Note: The repository also includes the script at “helpers/agent_client_anyscale.py” for your reference.
import json
import requests
base_url = "https://agent-service-langchain-jgz99.cld-kvedzwag2qa8i5bj.s.anyscaleuserdata.com" ## replace with your service url
token = "nZp2BEjdloNlwGyxoWSpdalYGtkhfiHtfXhmV4BQuyk" ## replace with your service bearer token
SERVER_URL = f"{base_url}/chat" # For Anyscale deployment.
HEADERS = {"Content-Type": "application/json",
"Authorization": f"Bearer {token}"
}
def chat(user_request: str, thread_id: str | None = None) -> None:
"""Send a chat request to the agent and stream the response."""
payload = {"user_request": user_request}
if thread_id:
payload["thread_id"] = thread_id
with requests.post(SERVER_URL, headers=HEADERS, json=payload, stream=True) as resp:
resp.raise_for_status()
# Capture thread_id for multi-turn conversations.
server_thread = resp.headers.get("X-Thread-Id")

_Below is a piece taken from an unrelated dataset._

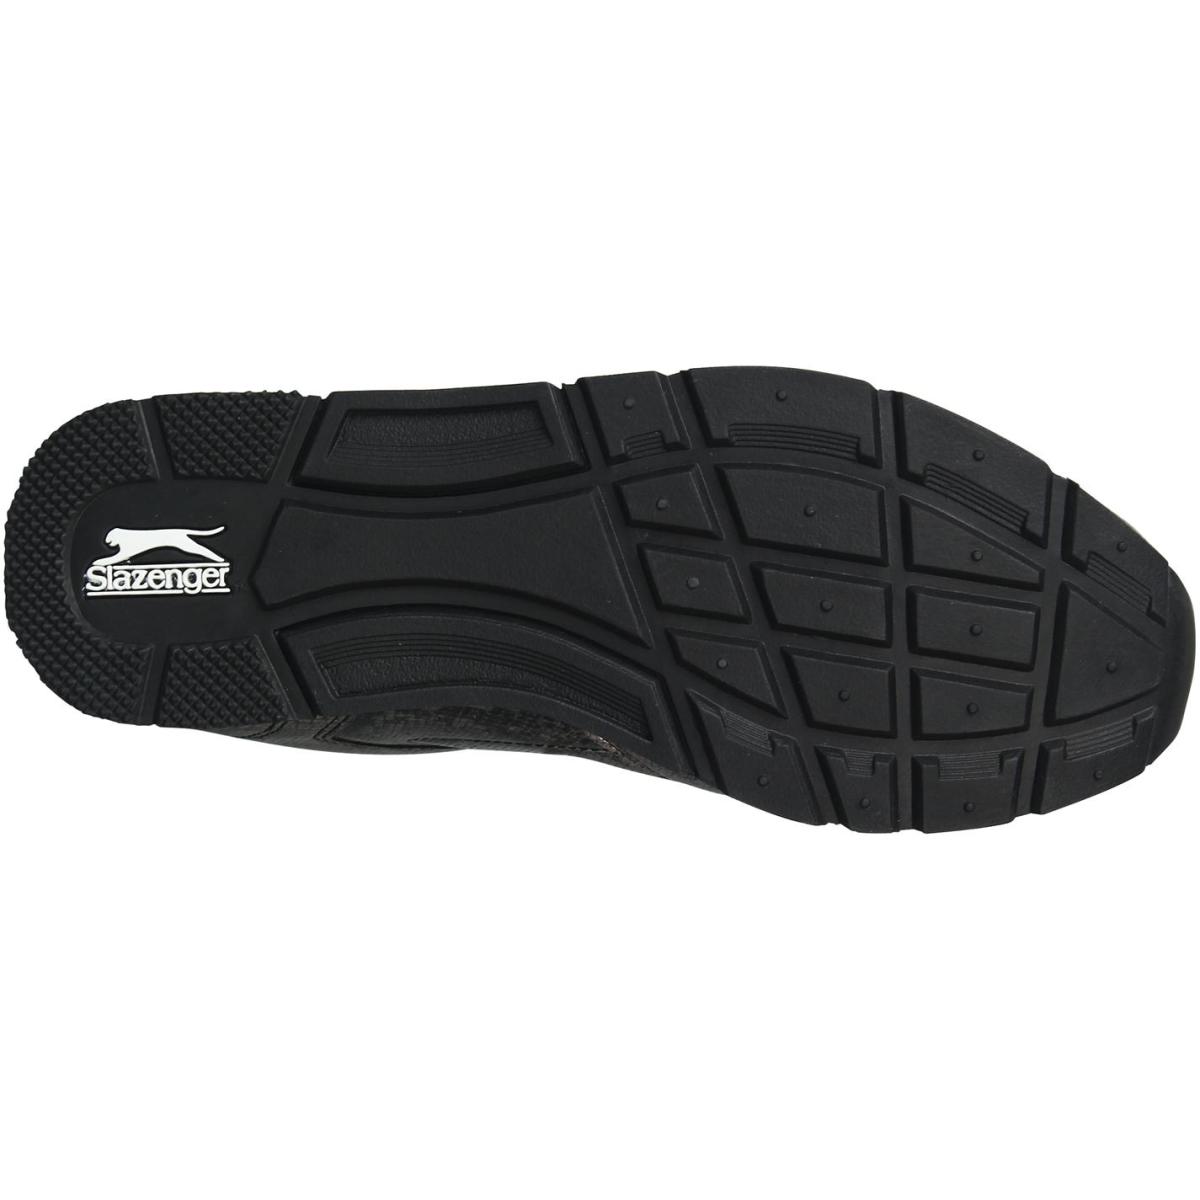 Slazenger-Classic-Turnschuhe-Laufschuhe-Damen-Sportschuhe-Sneaker-1265 Indexbild 3

if not thread_id and server_thread:
print(f"[thread_id: {server_thread}]")
# Stream SSE events.
for line in resp.iter_lines():
if not line:
continue
txt = line.decode("utf-8")
if txt.startswith("data: "):
txt = txt[len("data: "):]
print(txt, flush=True)
# Test the agent.
chat("What's the weather in Palo Alto?")
Terminate the production server#
Right now there are three production services running: llm_deploy_qwen_service, weather_mcp_service, and agent_service_langchain. You can manually shutdown them on the service page, or you can run the command in your terminal to shutdown them.

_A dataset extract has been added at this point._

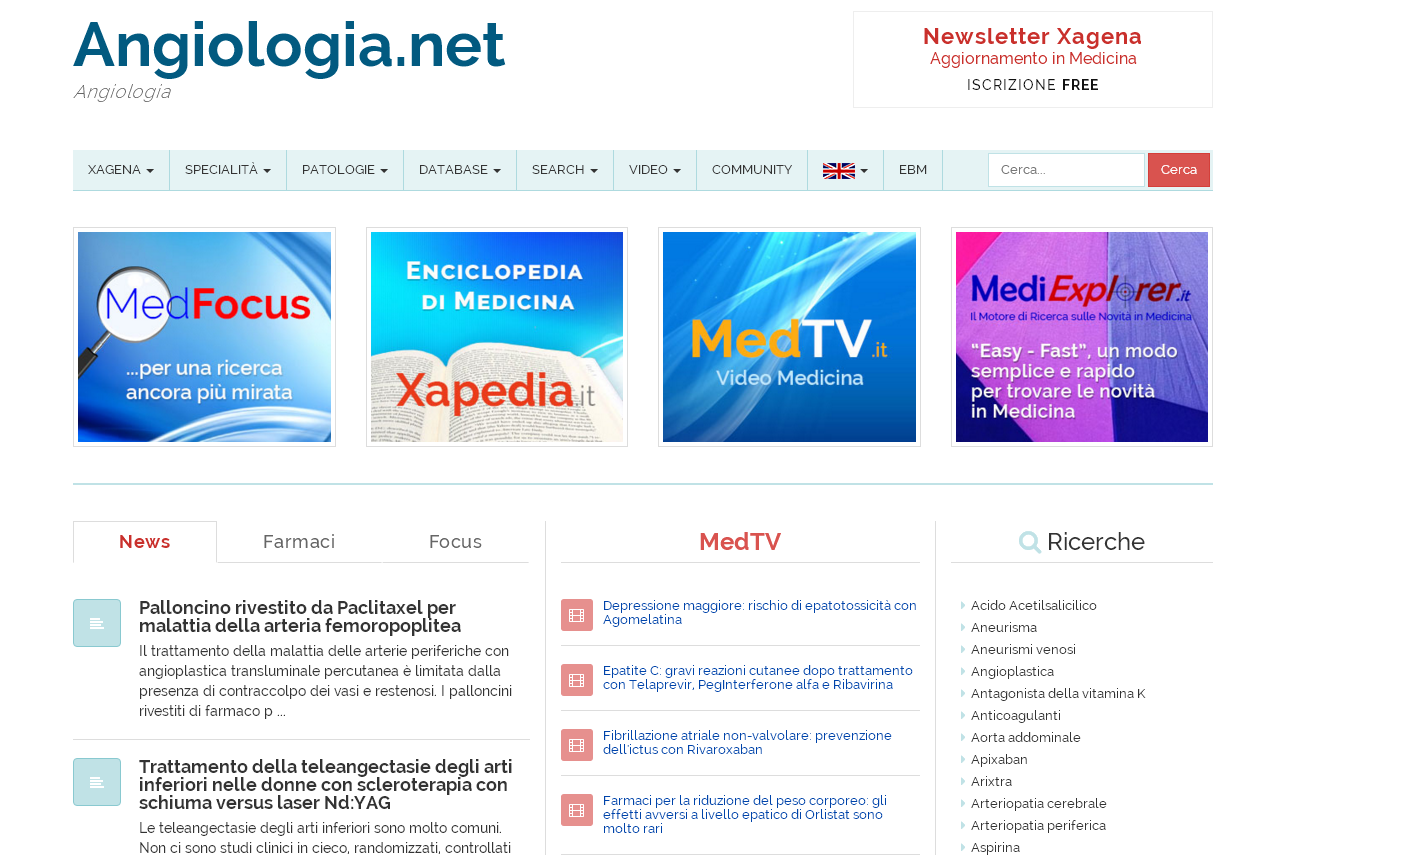 Angiologia.net

anyscale service terminate -n llm_deploy_qwen_service
anyscale service terminate -n weather_mcp_service
anyscale service terminate -n agent_service_langchain
Next steps#
You’ve successfully built, deployed, and tested a multi-tool agent using Ray Serve on Anyscale. This architecture demonstrates how to build production-ready AI applications with independent scaling, fault isolation, and dynamic tool discovery.
Extend your agent#
Add more tools
Extend the MCP service with additional capabilities such as database queries, API integrations, or custom business logic. The MCP protocol allows your agent to discover new tools dynamically without code changes. For implementation examples, see the Anyscale MCP Deployment Template.
Swap or upgrade LLMs
Replace the Qwen model with other tool-calling models such as GPT-4, Claude, or Llama variants. Since the LLM runs as a separate service, you can A/B test different models or perform zero-downtime upgrades. For deployment patterns, see the Anyscale LLM Serving Template.
Build complex workflows
Implement sophisticated reasoning patterns with LangGraph, such as multi-agent collaboration, iterative refinement, or conditional branching based on tool outputs.
Optimize for production#
Monitor performance
Use Anyscale’s built-in observability to track:
Request latency and token throughput
GPU utilization and memory usage
Memory or disk usage
Node count
To enable LLM metrics, see Monitor with the Ray Serve LLM dashboard. Note: Engine metric logging is on by default as of Ray 2.51 or later. For detailed metrics guidance on monitoring with Anyscale service, see Monitor a service.
Scale efficiently
Configure auto-scaling policies for each service independently:
Scale the LLM service based on GPU utilization
Scale the agent service based on request volume
Scale tool services based on specific workload patterns
Production best practices#
Anyscale services provide enterprise-grade features for running agents in production. Key capabilities include:
Zero-downtime deployments: Update models or agent logic without interrupting service. See Update an Anyscale service.
Multi-version management: Deploy up to 10 versions behind a single endpoint for A/B testing and canary deployments. See Deploy multiple versions of an Anyscale service.
High availability: Distribute replicas across availability zones with automatic handling of outages. See Configure head node fault tolerance.
For comprehensive guidance on production deployments, see the Anyscale Services documentation and Ray Serve on the Anyscale Runtime.